====== AVAILABLE DATA
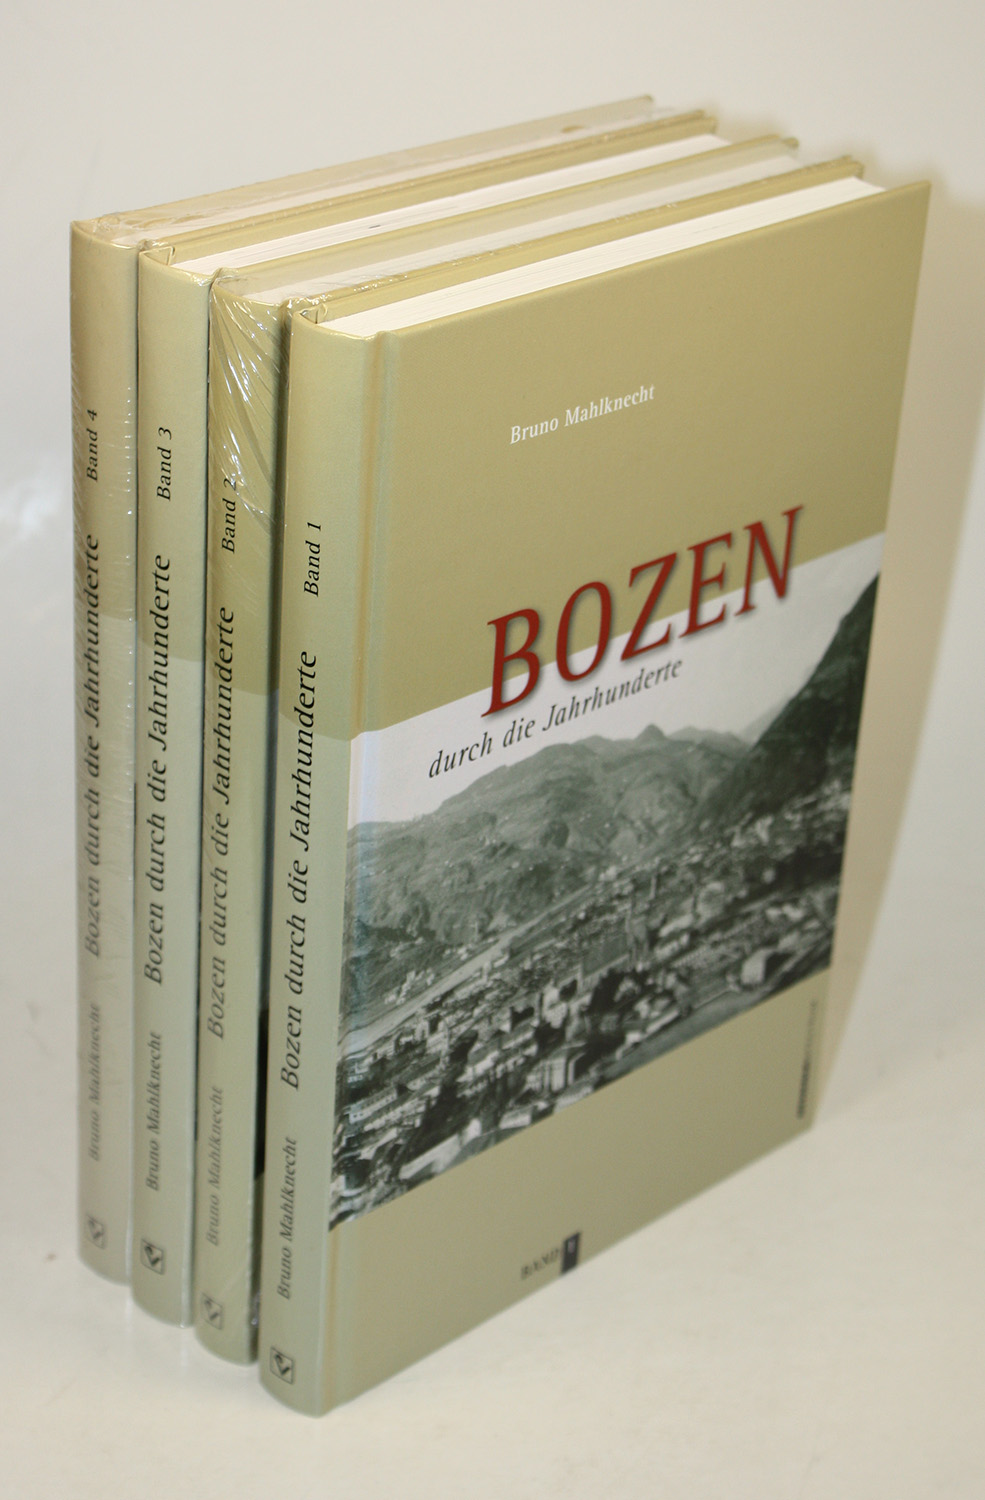 Bozen durch die Jahrhunderte. Bilder und Texte zur Geschichte und Kulturgeschichte von Bozen. 1 - 4. - Mahlknecht, Bruno
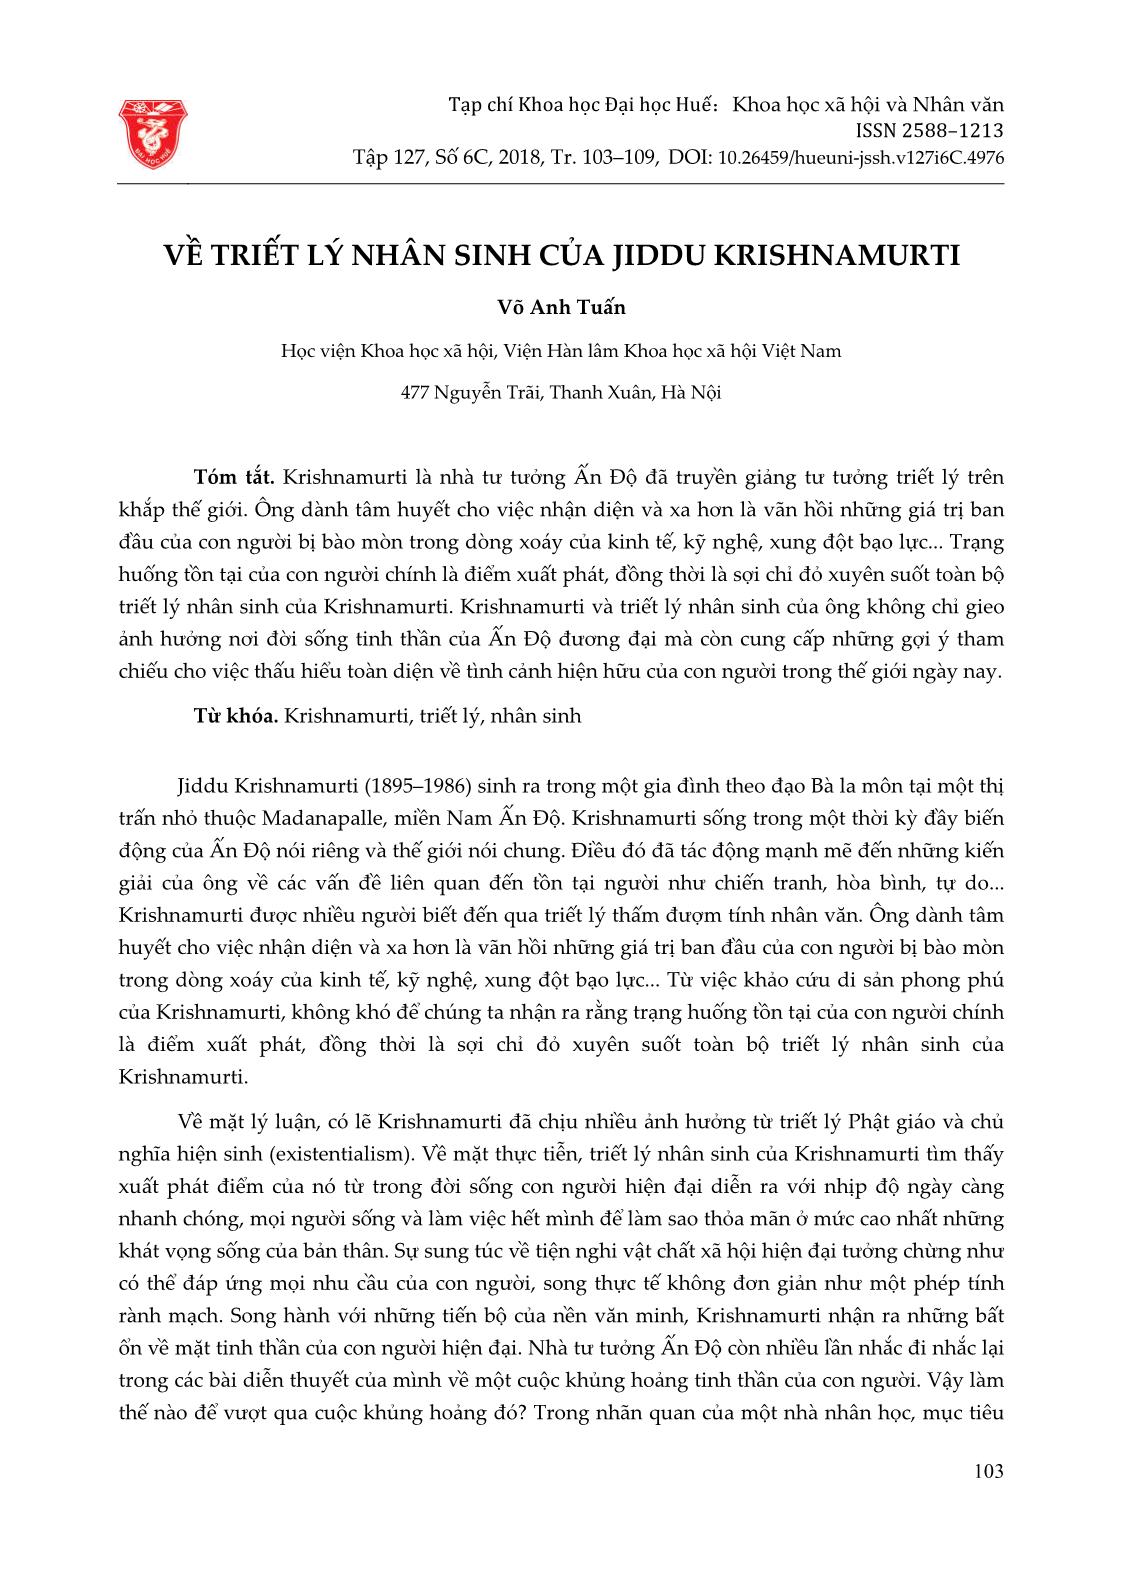 Về triết lý nhân sinh của Jiddu Krishnamurti trang 1
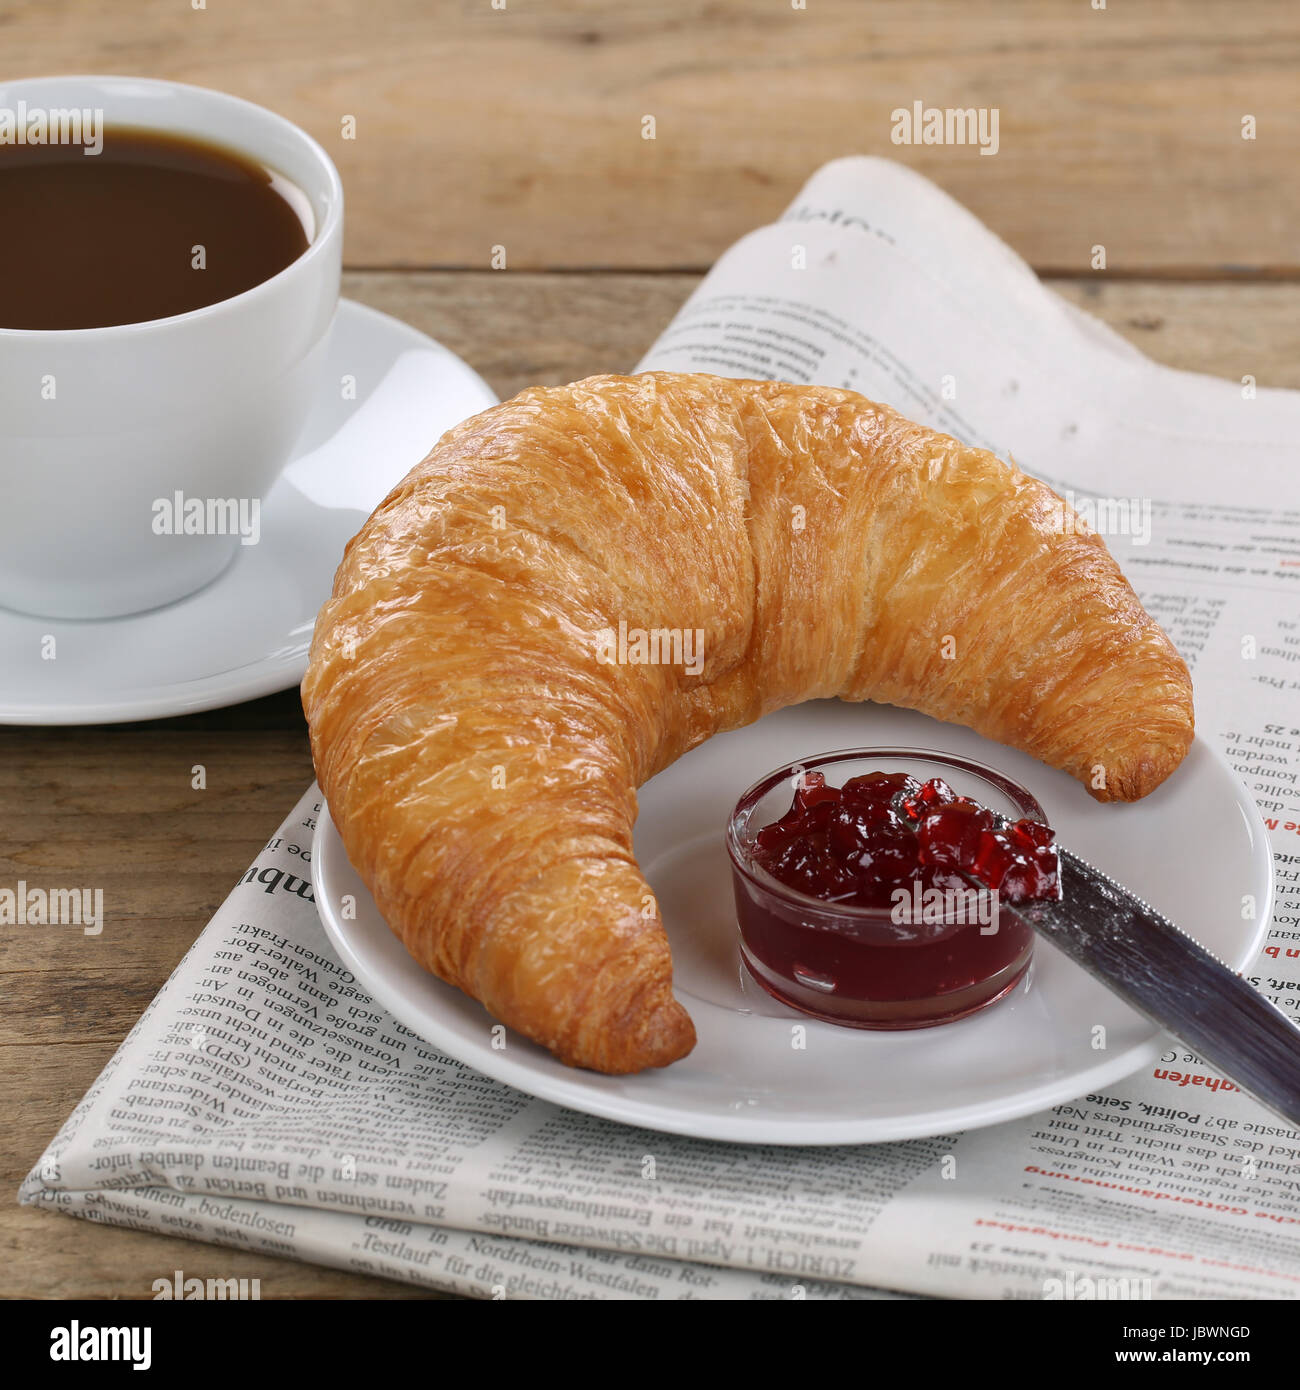 Business Frühstück mit Croissant, Marmelade, Kaffee und einer Tageszeitung Stock Photo
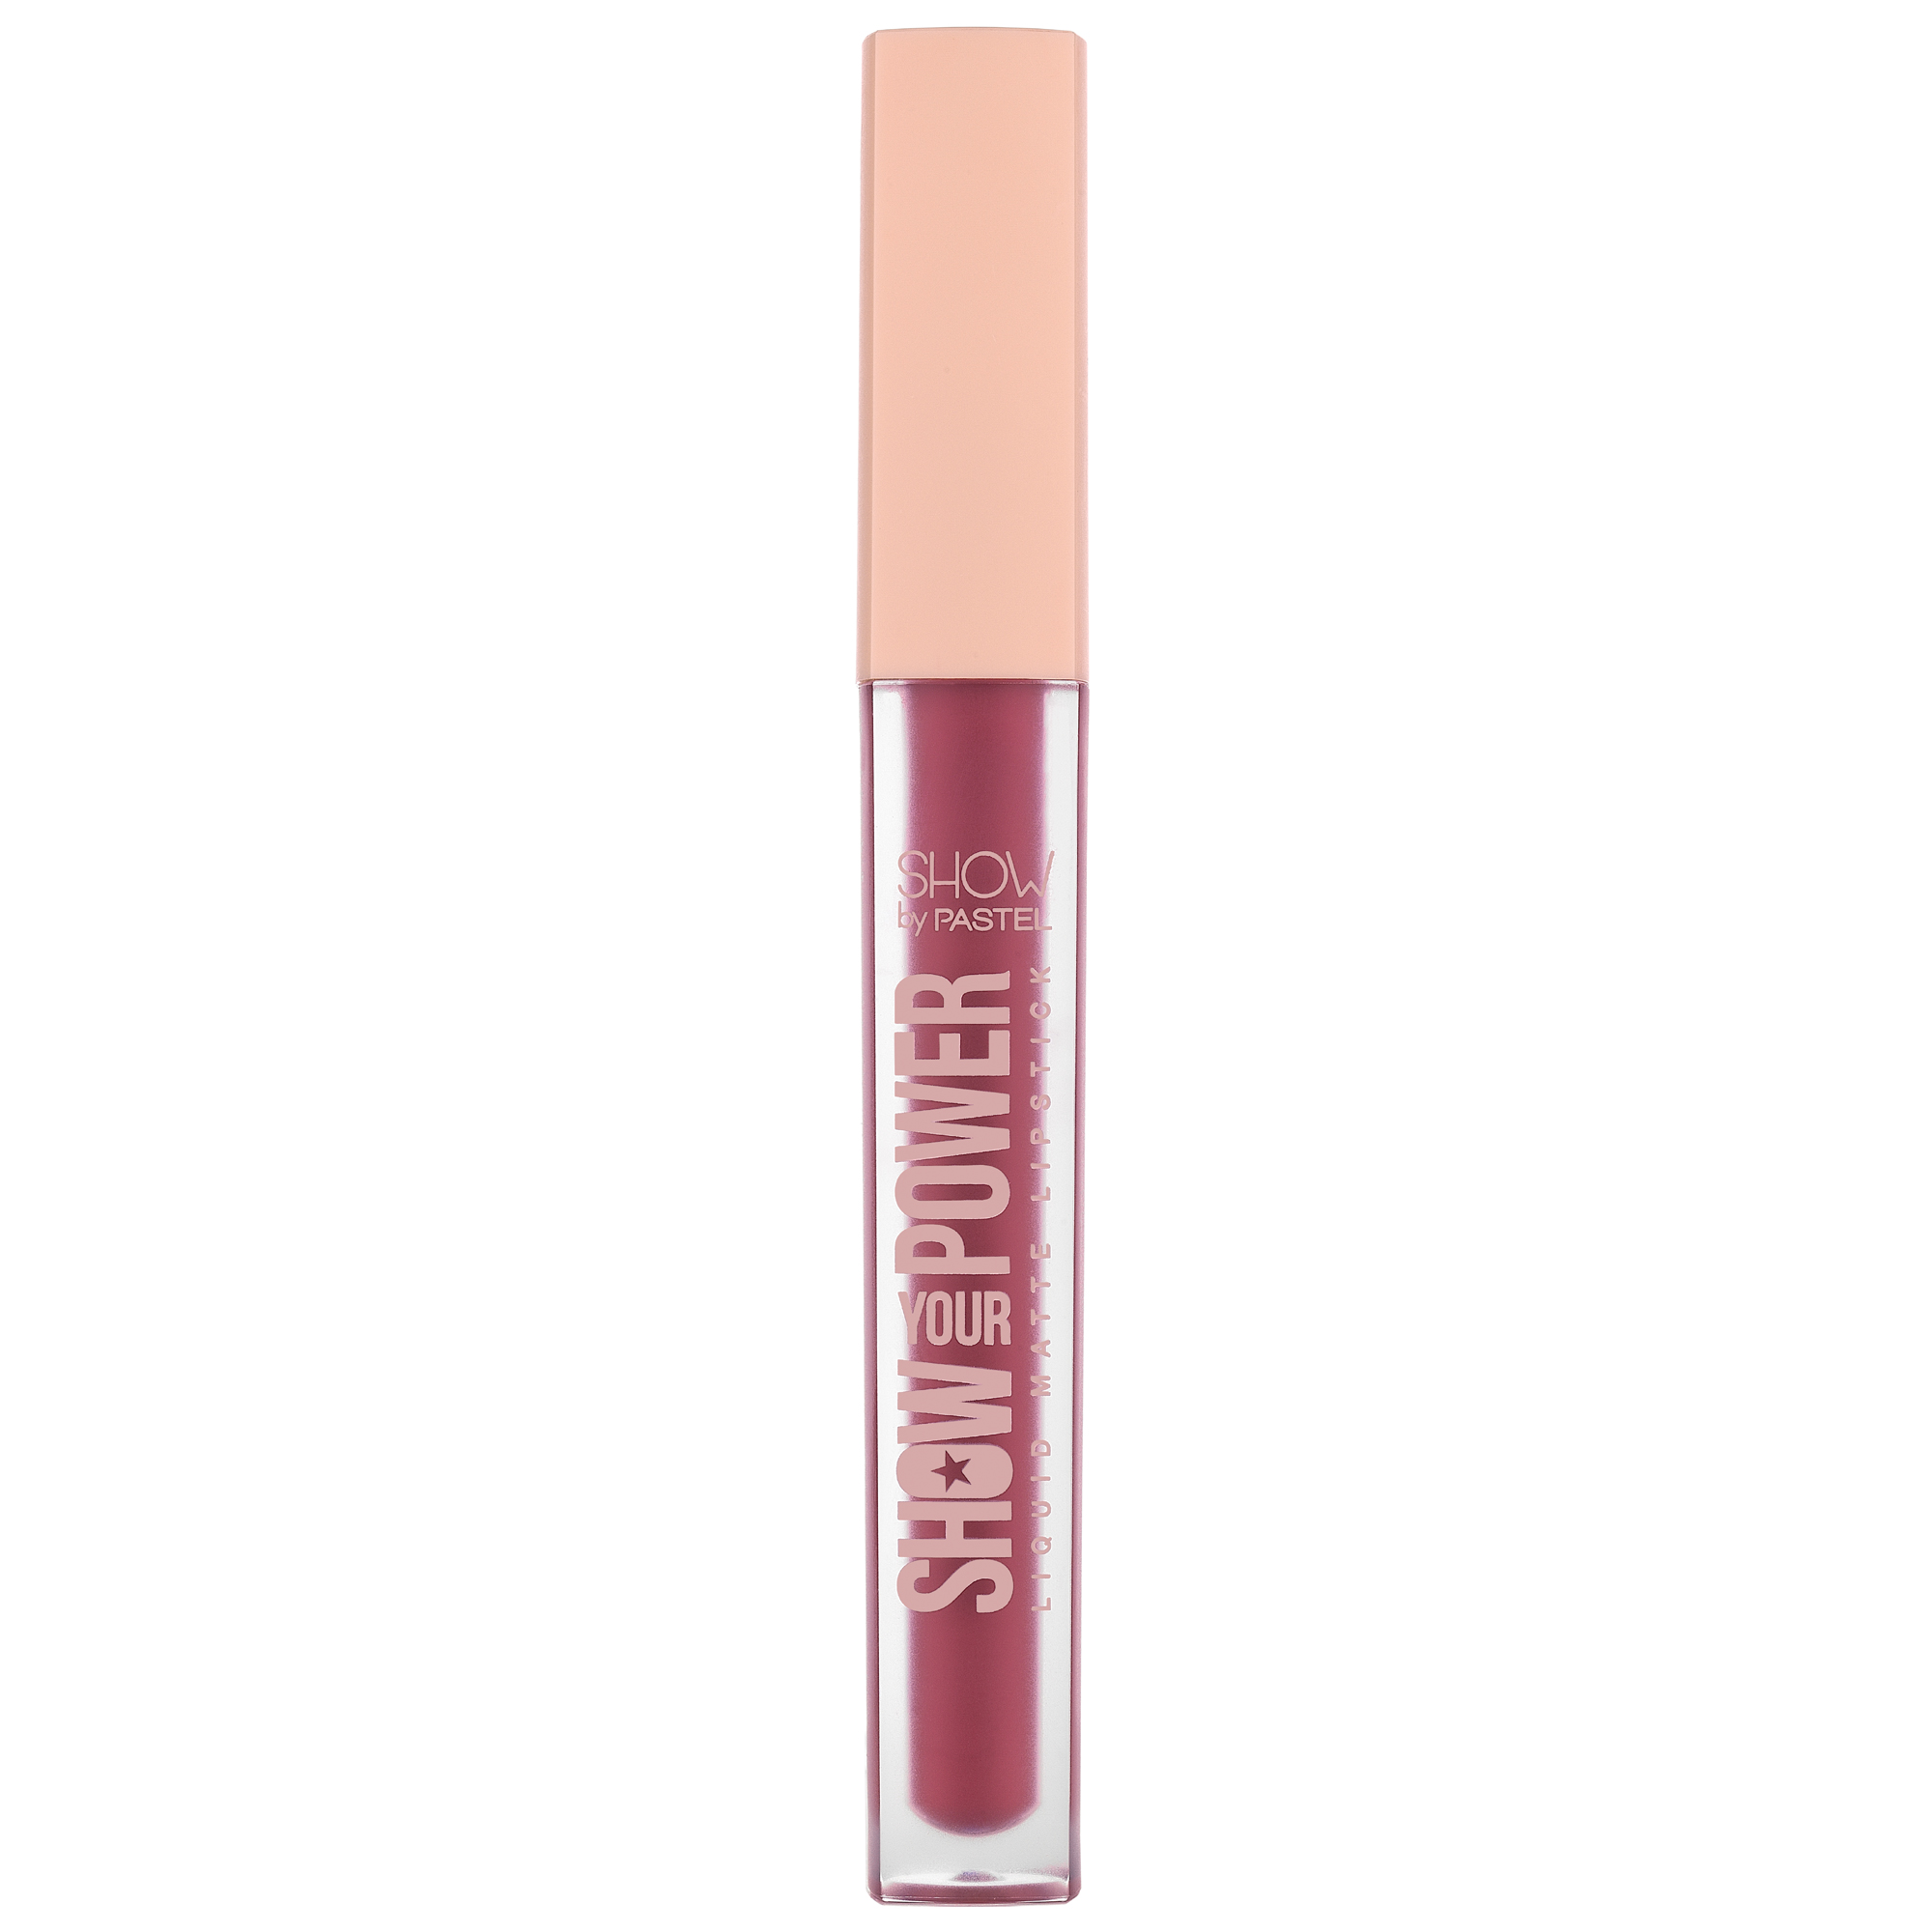 Pastel Show Your Power Liquid Matte Lipstick 606
============
### WHAT IS NEEDED
Print the full listing above exactly. Pictures stay out of the copy.

### SOLUTION TO THE PROBLEM
 Bozen durch die Jahrhunderte. Bilder und Texte zur Geschichte und Kulturgeschichte von Bozen. 1 - 4. - Mahlknecht, Bruno
 Về triết lý nhân sinh của Jiddu Krishnamurti trang 1
 Business Frühstück mit Croissant, Marmelade, Kaffee und einer Tageszeitung Stock Photo
 Pastel Show Your Power Liquid Matte Lipstick 606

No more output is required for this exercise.